# [S]wo ist x11-drivers/nvidia-drivers-195.36.03

## Tinitus

Hallo,

warum ist der nvidia Treiber 195.36.03 aus dem portage verschwunden? Mit dem ging endlich mein xine richtig gut.

Wo finde ich das ebuild noch? Bzw. wer hat es noch?

Gruß RolandLast edited by Tinitus on Sun Mar 14, 2010 8:35 pm; edited 3 times in total

----------

## Evildad

Näheres findest Du hier

----------

## Tinitus

 *Evildad wrote:*   

> Näheres findest Du hier

 

HALLO,

aber wo kriege ich das ebuild nun her?

G. R.

Edit:

im wirelay Overlay liegt es noch.Last edited by Tinitus on Sun Mar 14, 2010 7:54 pm; edited 1 time in total

----------

## Evildad

HIER

Dort sollte man alles finden...

----------

## Tinitus

Hallo,

doch nicht gelöst....

leider gibt es nun ja kein Digest mehr.

Die Sourcefiles für freebsd und x86  fehlen mir

Edit:

OK die Zeilen für x86 und freebsd gelöscht..

----------

## Evildad

Für x86 hier

Edit: Oder so  :Smile: 

----------

## Josef.95

 *Quote:*   

> [S]wo ist x11-drivers/nvidia-drivers-195.36.03

  Gibt es irgendwo einen Index wo man herausfinden kann was nun dieses [S] bedeutet?

.......................................................................................................

Du hast aber schon mitbekommen das es es einen Grund gab das nVidia die "195.36.03" Version zurückgezogen hat?
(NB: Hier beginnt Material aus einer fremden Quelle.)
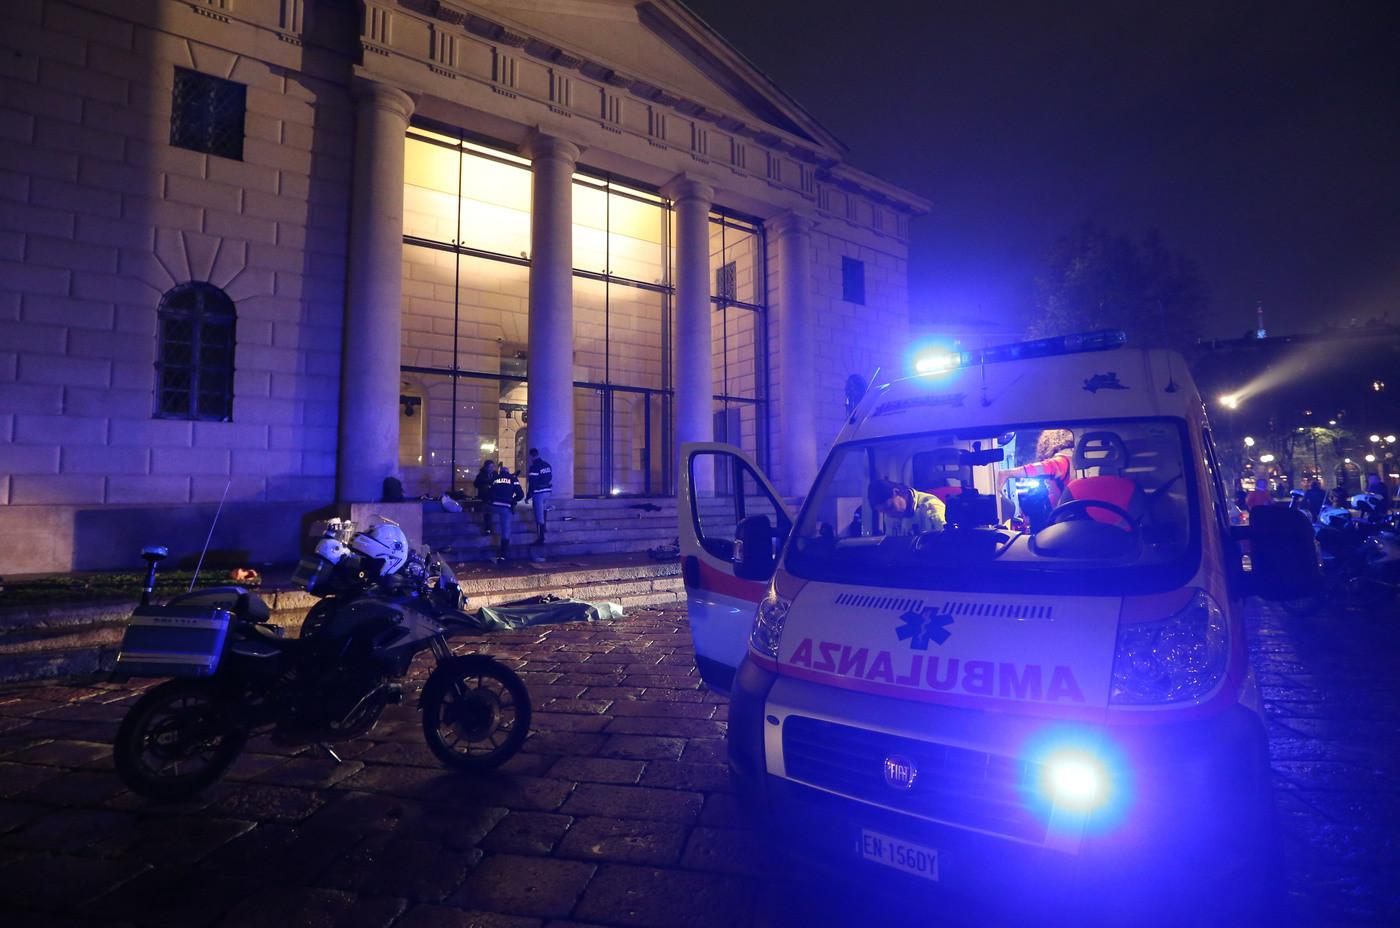 Dramma ad Aosta: infermiera uccide i figli di 7 e 9 anni con una iniezione letale, poi si suicida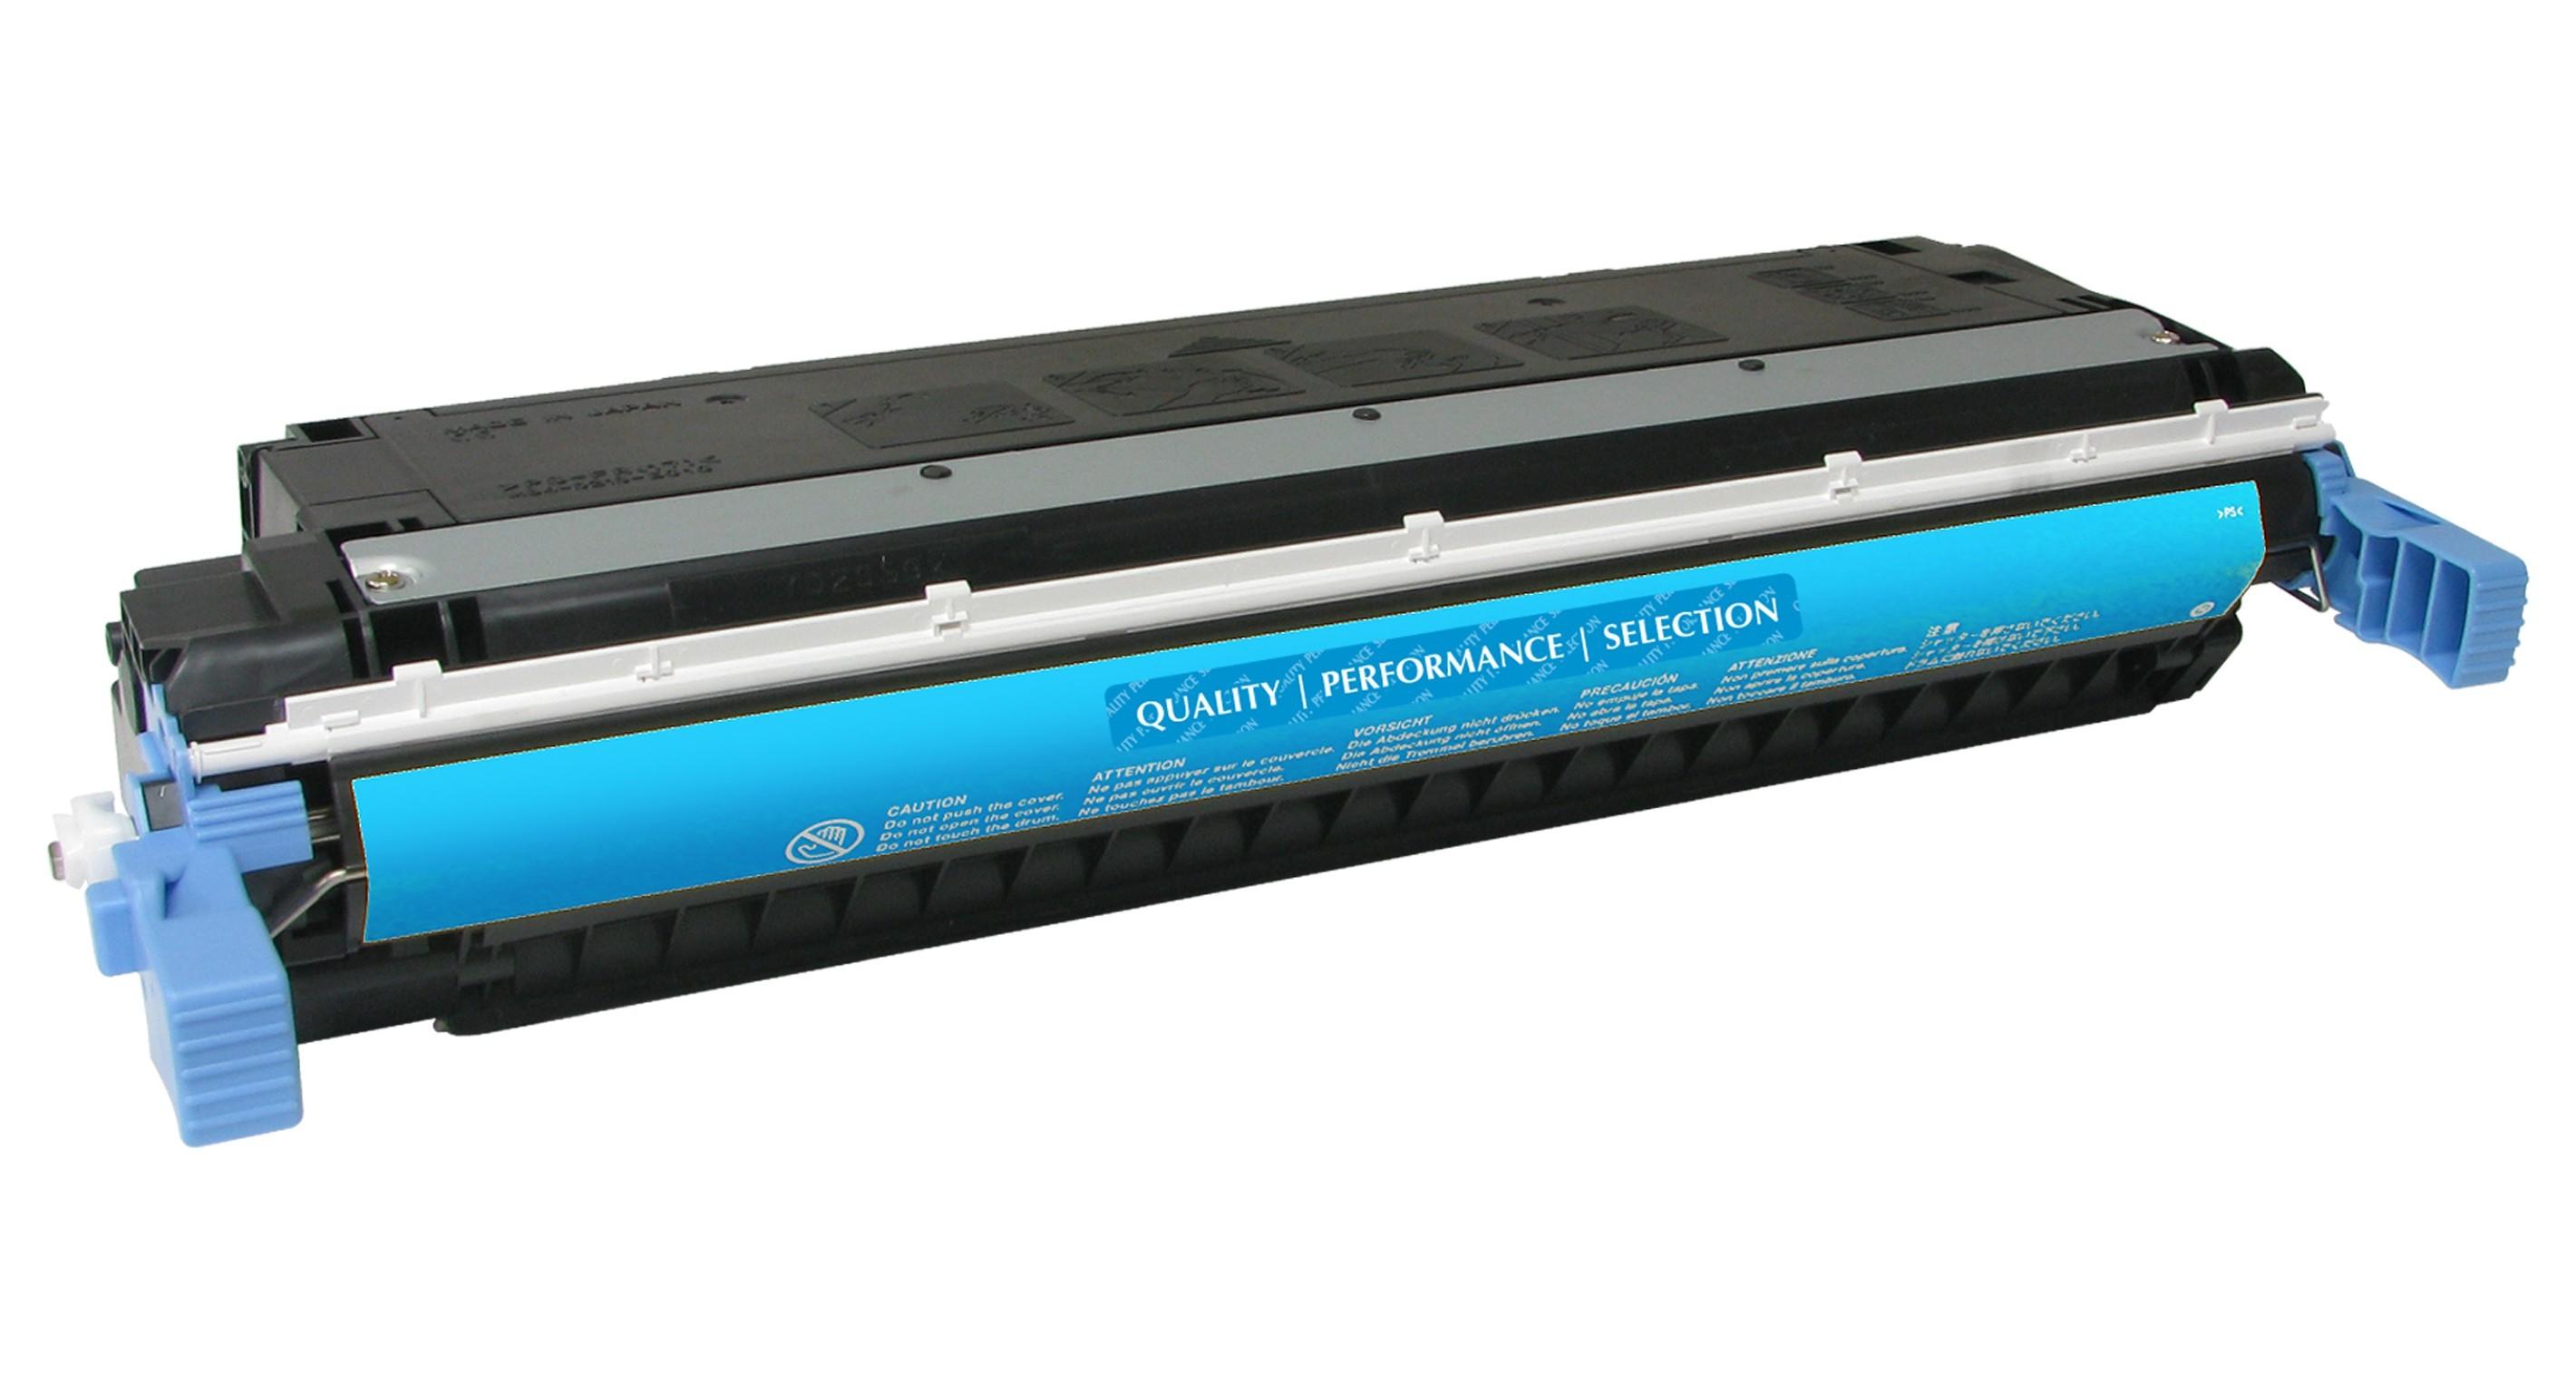 Toner 645a C/y/m Compatibil Hp Remanufacturat Culoare: Cyan

Es könnte bei Nutzung dieser Version unter Umständen einen Hardware Defekt (mangels Kühlung)  entstehen  :Exclamation: 

siehe zb http://www.nvnews.net/vbulletin/announcement.php?a=39

https://forums.gentoo.org/viewtopic-t-818996-start-0-postdays-0-postorder-asc-highlight-.html

PS: ist bei dir evtl. die Suchmaschine defekt?  :Wink: 

----------

## Tinitus

 *Josef.95 wrote:*   

>  *Quote:*   [S]wo ist x11-drivers/nvidia-drivers-195.36.03  Gibt es irgendwo einen Index wo man herausfinden kann was nun dieses [S] bedeutet?
> 
> .......................................................................................................
> 
> Du hast aber schon mitbekommen das es es einen Grund gab das nVidia die "195.36.03" Version zurückgezogen hat?
> ...

 

Da ich eh nur passiv gekühlte Karten habe ist es mir egal  :Wink: 

G. R.

----------

## Evildad

 *Josef.95 wrote:*   

> 
> 
> PS: ist bei dir evtl. die Suchmaschine defekt? 

 

 :Twisted Evil: 

----------

## Josef.95

 *Evildad wrote:*   

>  *Josef.95 wrote:*   
> 
> PS: ist bei dir evtl. die Suchmaschine defekt?  
> 
> 

  Hehe, Sorry, das war nun wirklich nicht bös gemeint!

ich wunderte mich nur ein wenig da hier im Forum die letzten Tage über dieses Thema schon recht viel diskutiert wurde,

siehe zb https://forums.gentoo.org/viewtopic-t-818996.html

Nungut....

@Tinitus

Wenn du immer noch auf der suche nach dem nvidia-drivers-195.36.03.ebuild bist, dann melde dich bei mir via PN

ich hab es noch da, ja und auch die Sources für x86 und auch amd64

Ist das ein wiedergutmach-Angebot?   :Wink: 

----------

## firefly

oder man nimmt die neuste beta Version 195.36.15 von nvidia http://www.nvnews.net/vbulletin/showthread.php?p=2209577

ein umbennen des ebuilds, mit einem anschliessenden ebuild <ebuild> manifest sollte reichen.

----------

## franzf

 *Josef.95 wrote:*   

> @Tinitus
> 
> Wenn du immer noch auf der suche nach dem nvidia-drivers-195.36.03.ebuild bist, dann melde dich bei mir via PN
> 
> ich hab es noch da, ja und auch die Sources für x86 und auch amd64
> ...

 

Dein Angebot ist für die Katz  :Razz: , mitterweile ist der reparierte 195.36.15 (beta) Treiber veröffentlicht.

ebuild ins Overlay kopieren und basta.

Keine Probleme mehr mit Fans.

----------

## Josef.95

@franz

Ah ok, hatte ich noch nicht mitbekommen...

danke für die Info!

/edit:

huh.., und auch noch den Beitrag von firefly https://forums.gentoo.org/viewtopic-p-6208018.html#6208018 übersehen,

ich glaub ich sollte mal meine Suchmaschine überprüfen...  :Wink: 

Danke

----------